Once locked, a LOCKED label appears on the post and the comment box is replaced with a message explaining that the post is locked. You can unlock it later if needed.
Approving Pending Posts
Some groups — typically official announcement groups — are set up so posts need approval before they're visible to everyone. In those groups, the group list shows a pending count next to its name. Open the group to review and approve the pending posts.
Other Post Controls
Depending on your admin level and how the group is set up, the overflow menu on a post may also let you move the post to a different group or remove it entirely. Use removal sparingly — it takes the post and its comments off the group for everyone.
Not every group requires post approval. Your site admin decides that on a per-group basis. If a group is open, posts show up right away — you can still pin or lock them afterward.
When to Use Each Action
- Pin — For important content members should see first. Don't over-pin — if too many posts are pinned, members stop paying attention.
- Lock — When a discussion is done or needs to cool off. It's less drastic than removing the post, because the content stays visible.
- Move — If a post is valuable but in the wrong group.

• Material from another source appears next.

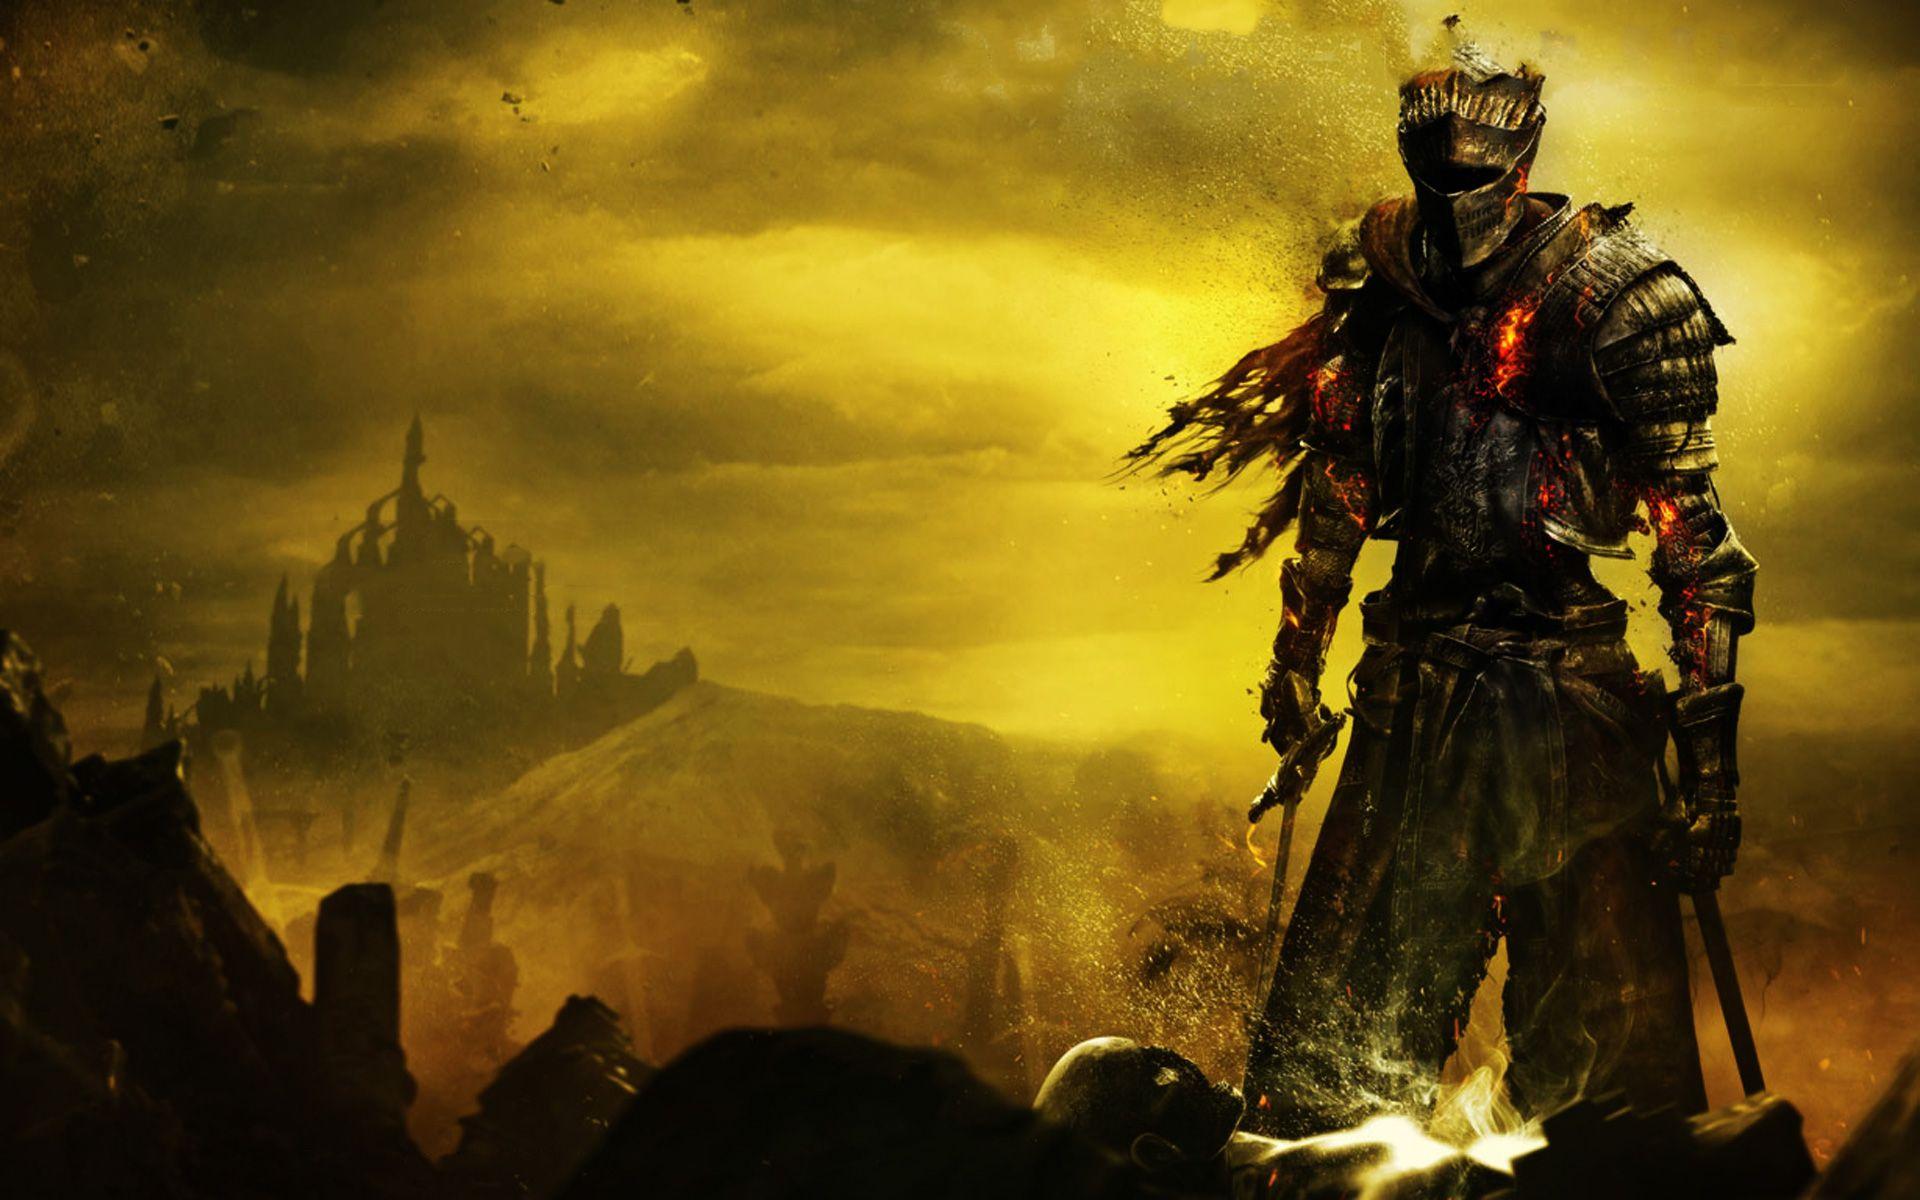 Dark Souls 3 Wallpaper Hd Best Wallpaper Hd Dark Souls Dark Souls 3 Dark Souls Wallpaper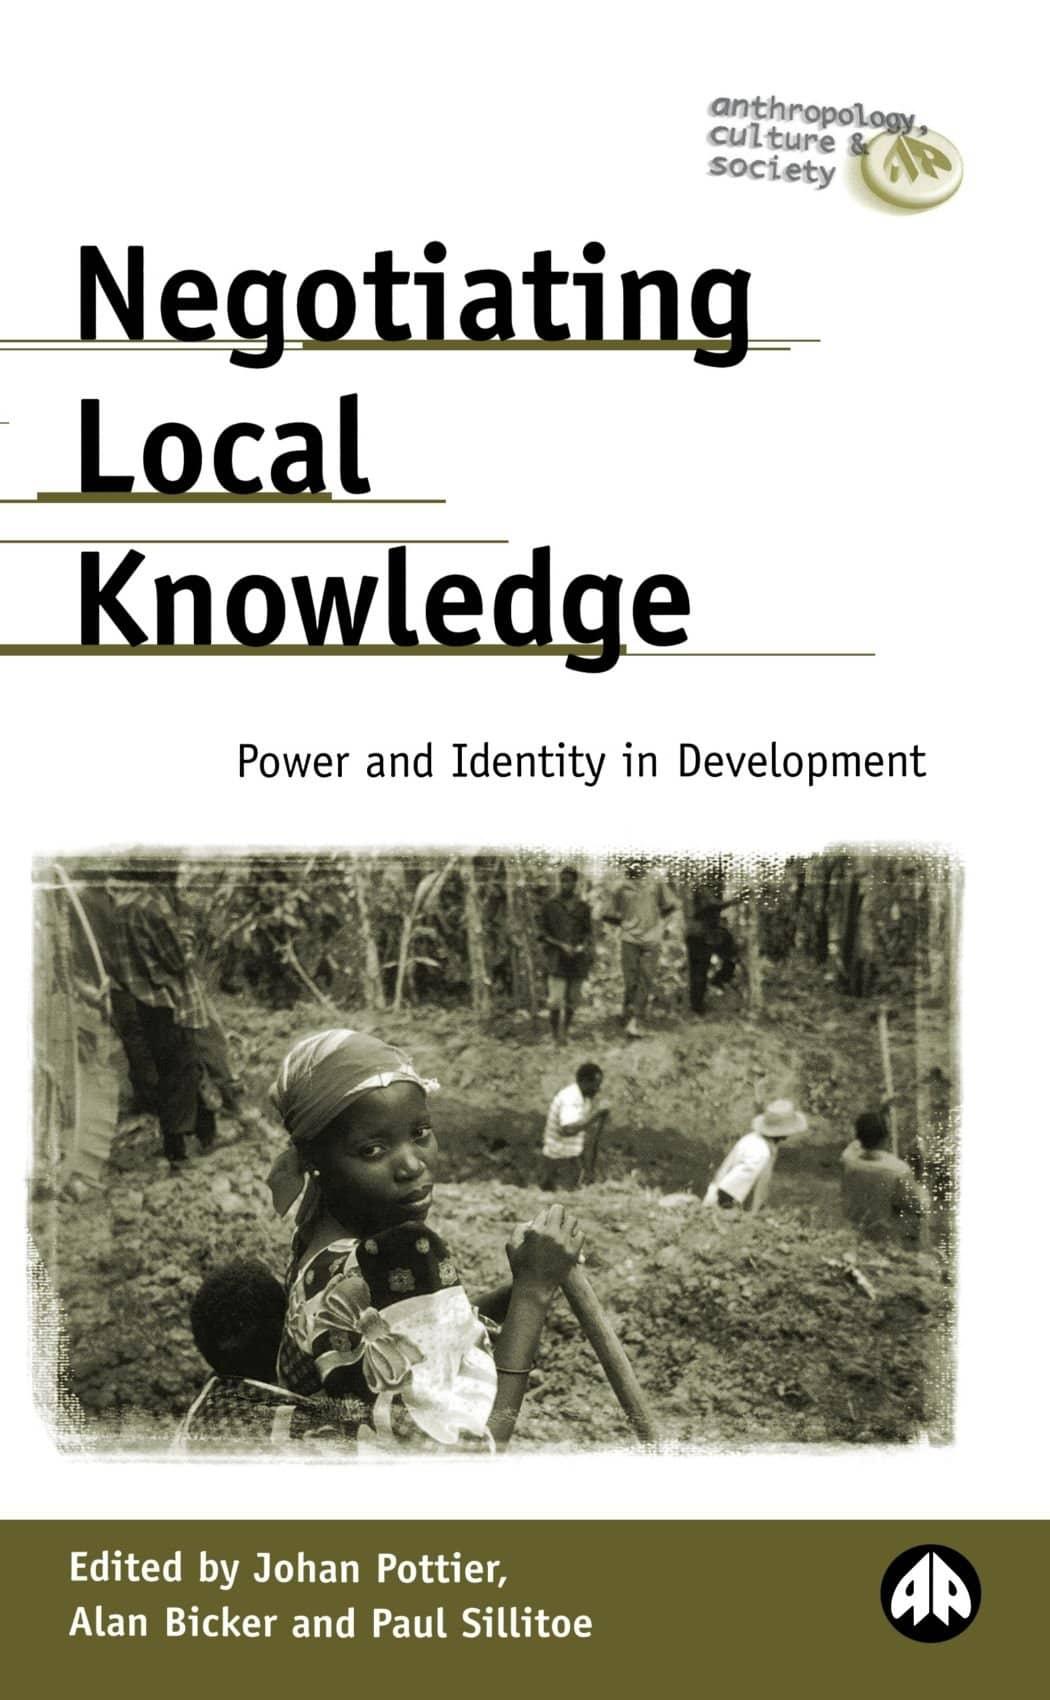 Negotiating Local Knowledge.

- Remove — For spam or content that clearly shouldn't be there.
Which Groups You Can Moderate
Which groups you can moderate depends on your admin level and the group's organization:
- Club Admin — Any group in the club.
- Org Admin — Groups belonging to organizations below the org where you hold your role.
- Local Admin — Groups belonging to your own organization only.
Your site admin can also designate specific members as moderators for specific groups, even if they don't hold an admin-level officer role.